Question

a)Explain the terms plastic deformation and elastic deformation. b)Plot a graph of stress-strain of a metal. State and explain important features of a graph. c) A copper wire 200cm long and 1.22mm in diameter is fixed horizontally below the two supports 200cm apart. Find the mass in grams of the load which , when suspended as the midpoint of the wire, produces a sang of 2cm at that point.(young modulus for copper in 1.2×10^11 N/m^3)​

Answer 1

a) Plastic deformation is a permanent deformation that occurs in a material when it is subjected to a stress beyond its yield point, causing a rearrangement of its internal structure. The material will not return to its original shape after the stress is removed.

Elastic deformation, on the other hand, is a temporary deformation that occurs in a material when it is subjected to a stress within its elastic limit, causing a change in its shape.
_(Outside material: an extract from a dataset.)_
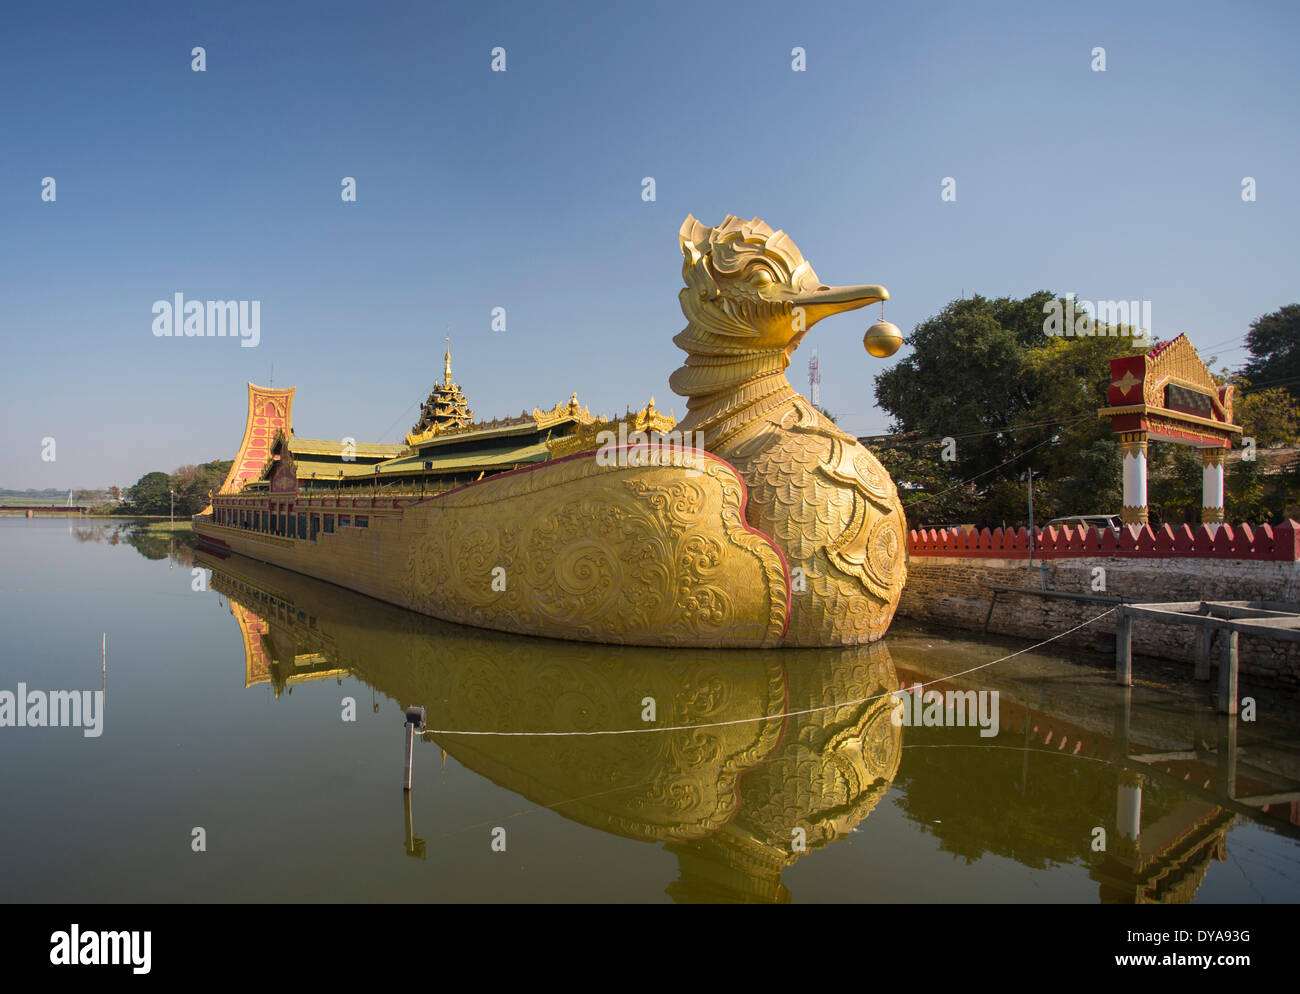 Myanmar Burma Asien Meitila Architektur Boot Stadt bunte berühmten goldenen See Landschaft Restaurant touristische traditionelle t Stockfoto

The material will return to its original shape once the stress is removed.

b) The stress-strain graph of a metal typically shows a linear elastic region, a yield point, a plastic deformation region, and a fracture point. The important features of the graph include:

• Elastic region: The region where the material deforms elastically and returns to its original shape once the stress is removed. The slope of the line in this region is known as the modulus of elasticity or Young's modulus.
• Yield point: The point at which the material begins to deform plastically and permanently.
• Plastic deformation region: The region where the material undergoes plastic deformation, and the stress increases with strain.
• Fracture point: The point at which the material fails and fractures.

c) The formula to find the mass of the load is: m = (πr^2Lρg)/2

where:

r = radius of the wire = 1.22/2 x 10^-3 m

L = length of the wire = 200 cm = 2 m

ρ = density of copper = 8.96 x 10^3 kg/m^3

g = acceleration due to gravity = 9.81 m/s^2

First, we need to find the elongation of the wire when it is suspended by the load. The elongation is given by: ΔL = FL/AY

where:

F = force exerted by the load

A = cross-sectional area of the wire = πr^2

Y = Young's modulus of copper = 1.2 x 10^11 N/m^2

The sag of the wire is 2 cm, which means the elongation is 4 cm. Converting to meters, ΔL = 0.04 m.

Substituting the values into the formula for the mass of the load:

m = (πr^2Lρg)/2 = (π x (1.22/2 x 10^-3)^2 x 2 x 8.96 x 10^3 x 9.81 x 0.04)/2 = 10.9 g (rounded to one decimal place)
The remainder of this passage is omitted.